É perfeito, porque as vítimas não percebem que o remédio escolhido para reconstruir o interior é justamente o veneno que desvia o foco de atenção para longe dos parâmetros de julgamento necessários para cuidar desta mesma beleza interior. Com relação a este ponto, podemos apenas especular quanto ao destino das adolescentes brasileiras. Segundo pesquisa recente (2), elas gastam em produtos de maquiagem mais que uma mulher adulta – a indústria agradece. O que é mais assustador, não podemos nem elogiar a maquiagem, elas querem que acreditemos que já se levantaram da cama daquele jeito! Querem que acreditemos que o rosto delas é assim! Quanto tempo levará para se tornarem inseguras quanto à própria beleza exterior? – sim, porque a mesma pergunta, que poderia ser direcionada para a beleza interior, já não faz mais sentido!
“A felicidade
é um anjo com
um rosto sério”
Amadeo Modigliani
Ou então, vamos acreditar que a precocidade com que essas meninas se preocupam em não envelhecer fará delas pessoas mais tolerantes com os mais velhos e com os velhos mesmo… Vamos acreditar? Bem, uma das soluções implementadas pela indústria é, com o aumento da população de velhos no mundo todo, reinserí-los... na vida? No mercado de consumo? Os tratamentos de rejuvenescimento (aqui incluindo, além da mulher, também o homem idoso) e os cosméticos para a Terceira Idade talvez acabem mesmo reunindo jovens e velhos - já que ambos não param de se reunir nas salas de espera das clínicas estéticas. Unidos pelo mesmo lema, vão todos seguindo o flautista até o precipício: mude apenas por fora, pode não ser mais barato, mas é mais fácil, mais rápido e, principalmente, mais visível!
Sempre
foi um grande
problema para
foi um grande
problema para
a arte tornar
sentimentos
visíveis
sentimentos
visíveis
Esse corpo perfeito, e sem gozo afetivo, que só serve para mostrar para os outros, mostra também a falta que faz um ego. Este personagem, o ego, é que deveria ser o verdadeiro juiz das necessidades de mudança externa. Sem uma vida interna (sem uma substância emocional) que interaja com o mundo exterior, nos tornamos escravos desse mesmo mundo exterior - e de processos que não visam necessariamente nosso crescimento interno. Pelo contrário, nutrem nossa fraqueza com o veneno da descrença em si mesmo. (imagem acima, à direita, Nu Reclinado com Braço Esquerdo Sobre a Fronte, 1917; à esquerda, Nu Reclinado, 19??. Imagem abaixo, à direita, Nu Sentado, 1917; à esquerda, Nu Reclinado, 1917. Os quatro de Amedeo Modigliani, 1884-1920)

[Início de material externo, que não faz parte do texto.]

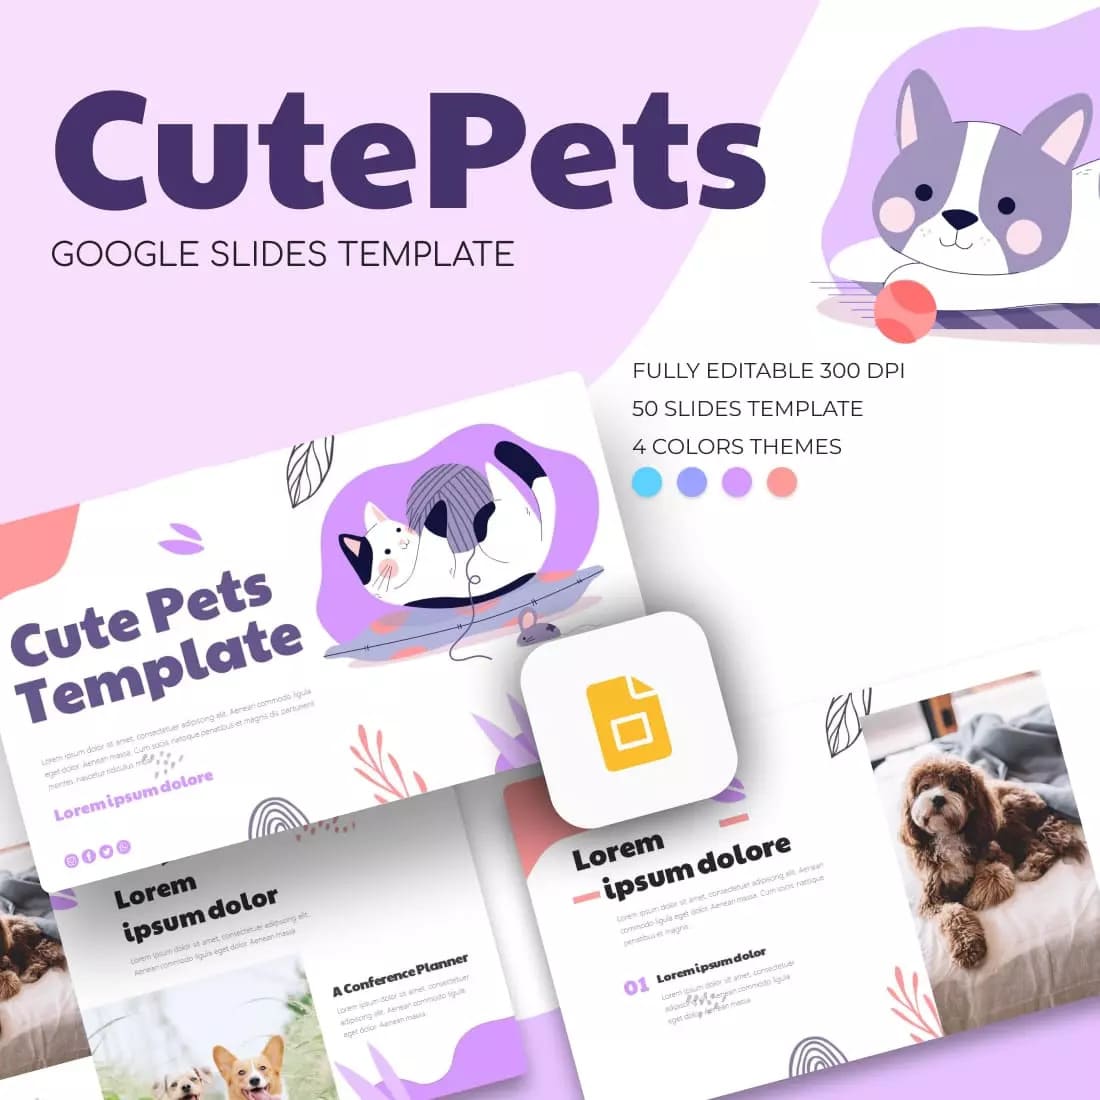 Cute Pets Google Slides Template Preview 4 1.

Quando seu corpo será suficiente?
Introduza Uma Moeda!
Essa mercantilização da felicidade (e de certo conceito de beleza) naturalmente exclui o mais fraco – o mais pobre. Exclui também, procurando estigmatizar e segregar socialmente, aqueles (as) que conseguem encontrar formas de comunicação interna com seu próprio caos – o que os torna imunes ao excesso de estímulos externos; não porque eles evitem esses estímulos, mas porque conseguem interagir com eles, e, portanto, julgá-los. Sempre que passo por uma farmácia me lembro disso. Especialmente quando tem alguém querendo se pesar. Refiro-me àquela balança eletrônica (?) que invadiu as farmácias. Subimos nessas coisas para obter um diagnóstico sobre nós (que influenciará muito nossas vidas e auto-estima), e o que escutamos? A voz de uma mulher robótica ordenando: “Introduza uma moeda!”
Quando seu corpo será suficiente?
Notas:
1. KRANZFELDER, Ivo. Edward Hopper. Visão da Realidade. Kohl: Taschen, 2003. P. 159.
2. Reportagem veiculada no Jornal Hoje, Rede Globo, 30/03/2006.